# Under Pressure



## Hooky (Jul 5, 2010)

Or should I say over pressure.

Very new to the home barista game and have just yesterday given up on the Gaggia burr grinder (due entirely to mess and static!!)

I went for a KitchenAid ProLine for reasons of budget, space and (after 2010 updates) allegedly 'fair' performance for a burr grinder.

The problem I have encountered is that if I set it to the recommended number for espresso the resultant grounds are so fine that even with the mildest of tamps I can't pull a shot without fear of snapping the Achille's handle.

What came out was akin to something the Clampits would recognise (sorry young 'uns) as Crude and had the same sort of taste.

I've had to back it off two full numbers on the dial before I can get a reasonable result.

Any ideas as to if this is an issue or not and if so, where the fault might be?
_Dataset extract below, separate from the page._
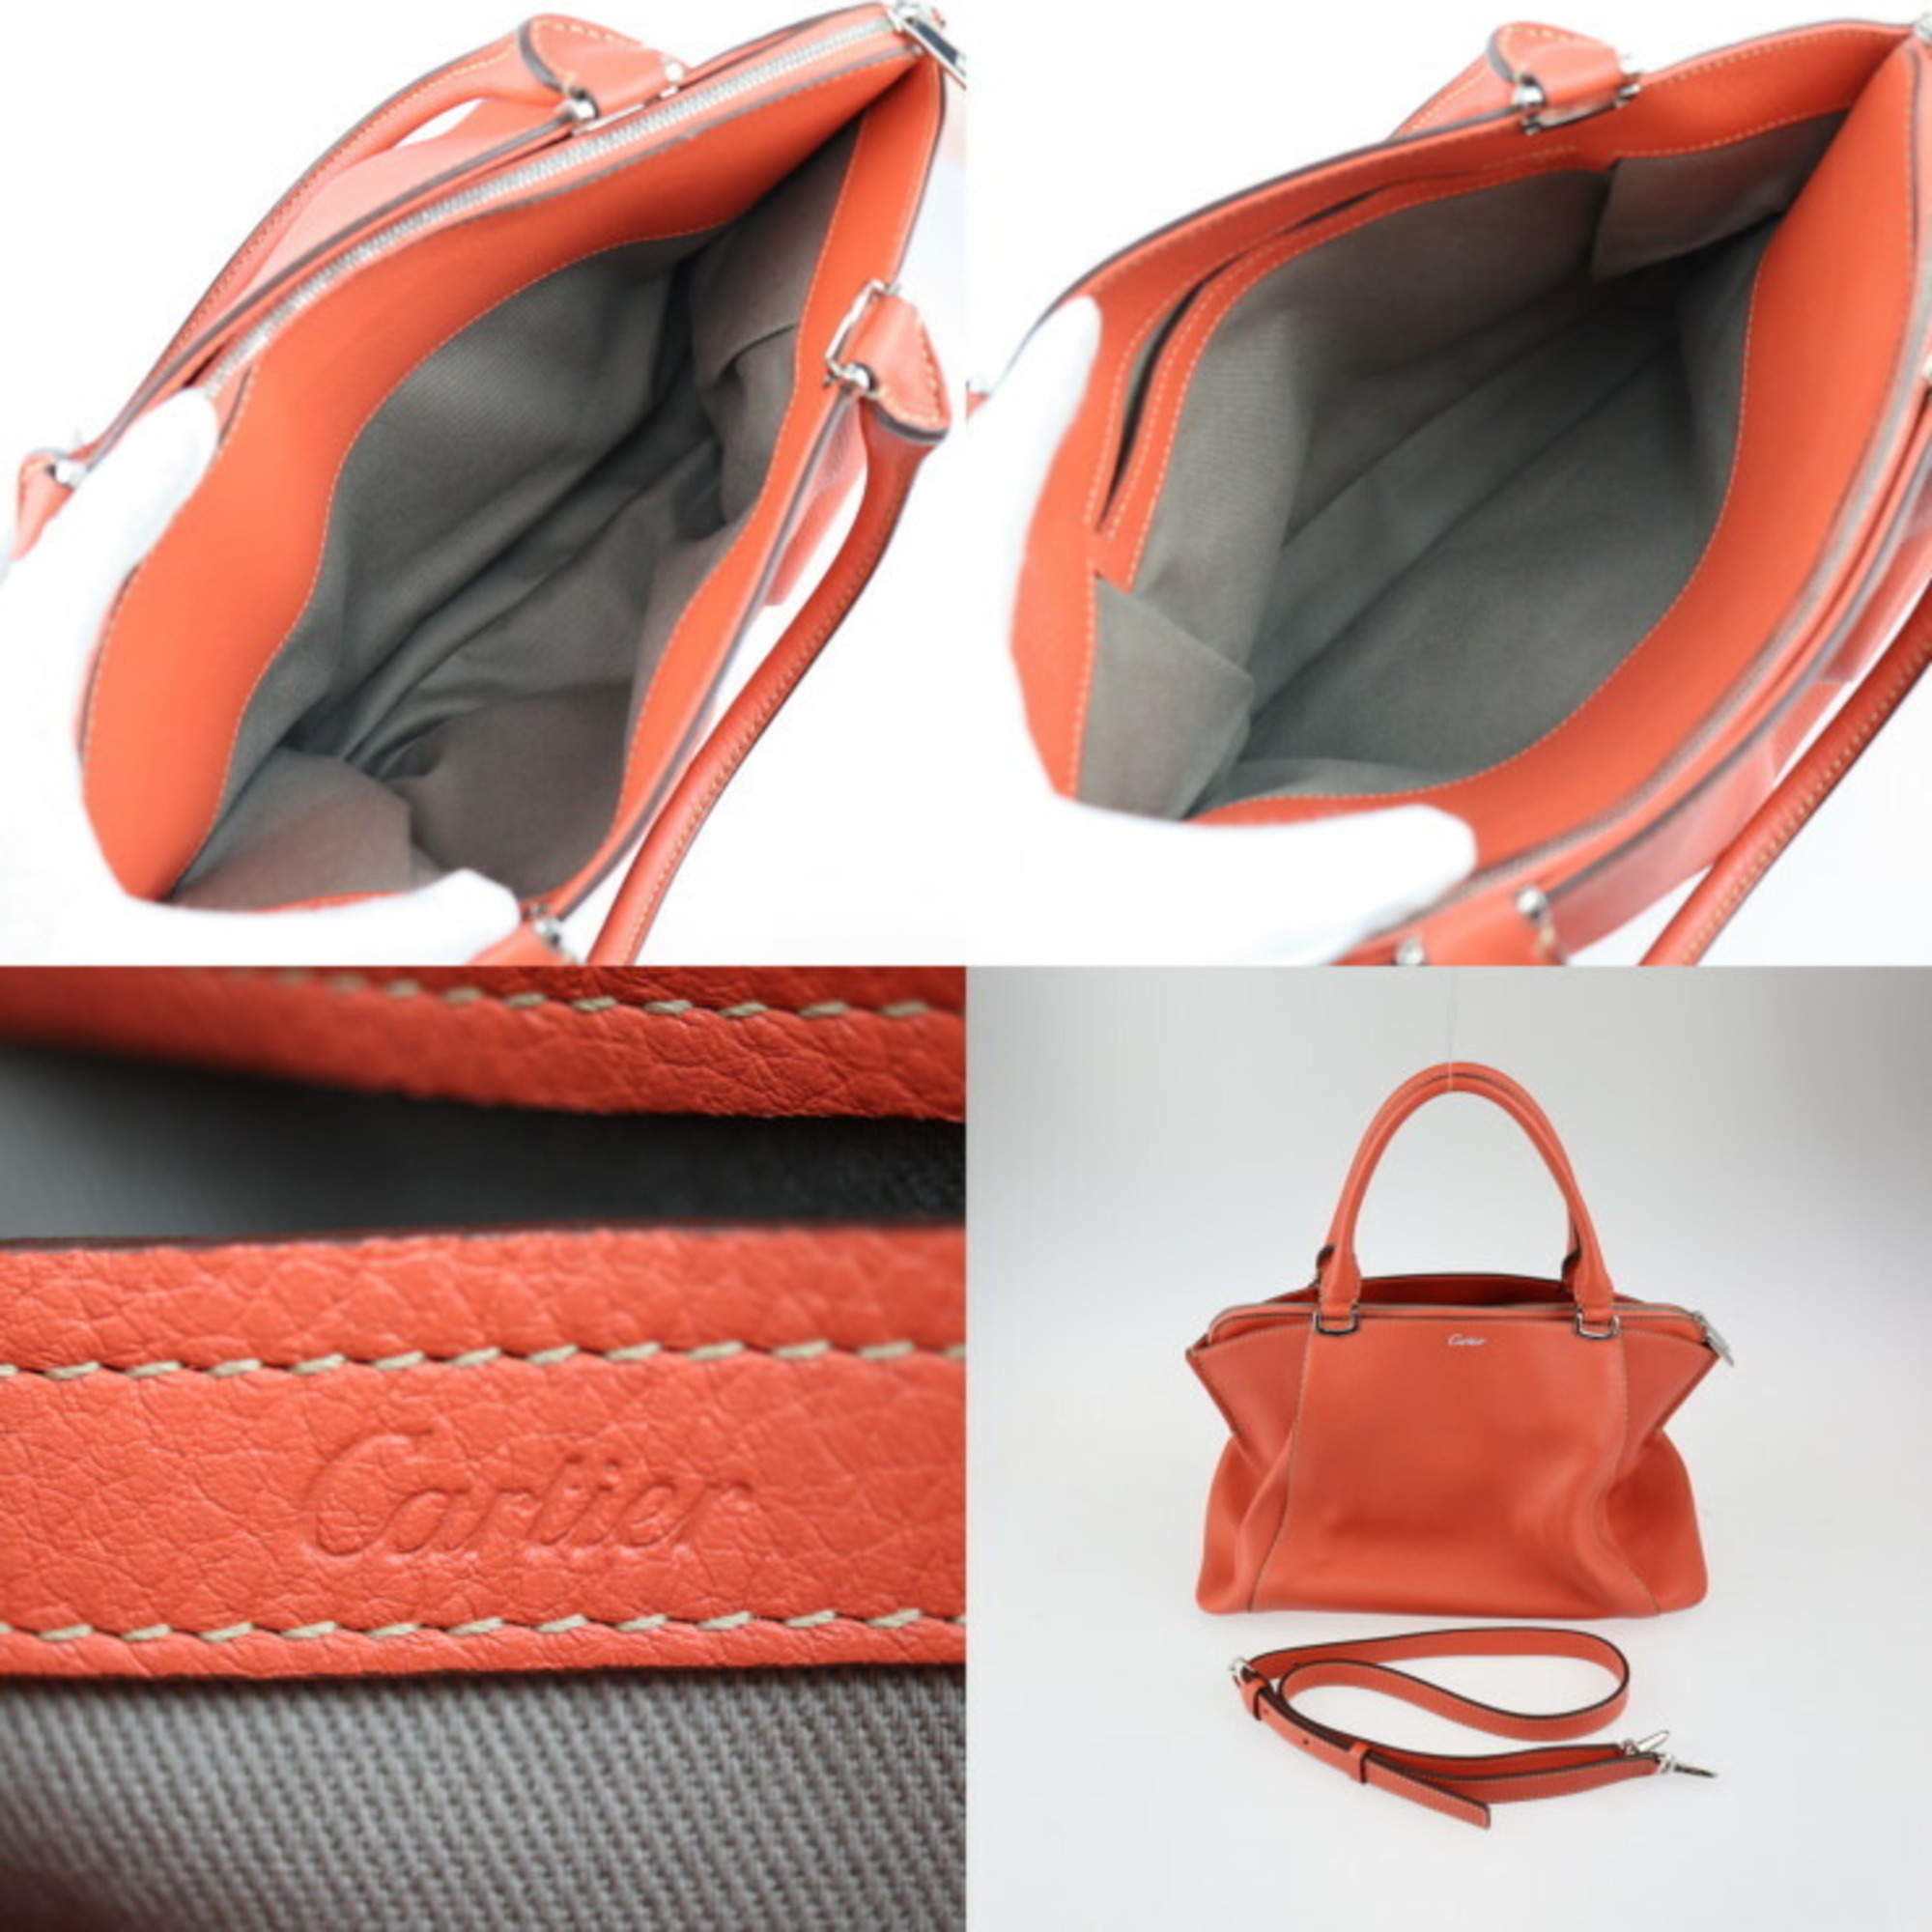 CARTIER C de Cartier SM handbag salmon orange silver metal fittings 2WAY shoulder bag

Pic is intended to show how much liquor (?) was retained in the grind and is from L to R KitchenAid on finest and Gaggia MM on normal espresso setting middle and Right.

Cheers all.


----------



## BanishInstant (Oct 12, 2009)

The other factors to bear in mind are type of bean and quantity of grounds you are filling the portafilter with. Each coffee machine is different, along with different coffee beans and therefore settings can vary wildy. Keep adjusting until you make a great shot:

- Bean

- Grind setting

- Quantity of grounds

- Tamping pressure


----------



## sandykt (Dec 3, 2009)

Mr Banish is right. There are different factors to take into account when grinding. Every coffee bean will react differently. Try a coarse setting and then go finer each time to find the correct setting.

You might want to pop out to buy some more beans though!


----------



## Glenn (Jun 14, 2008)

Theres no consistency between grinders, and you may grind on setting number 8 on one grinder and on setting 7 for another, with the same beans

The amount of coffee you run through the grinder also has a part to play.

Most new commercial grinders really start to work best after 15-20kg of coffee has been run through them, with patchy and sometimes slow results before then.

Most lower end grinders are unable of grinding fine enough, so having the luxury of backing off a couple of notches will help when the burrs get a little softer (blunt) after use, in which case you will start edging towards fine until you need to replace the burr set.


----------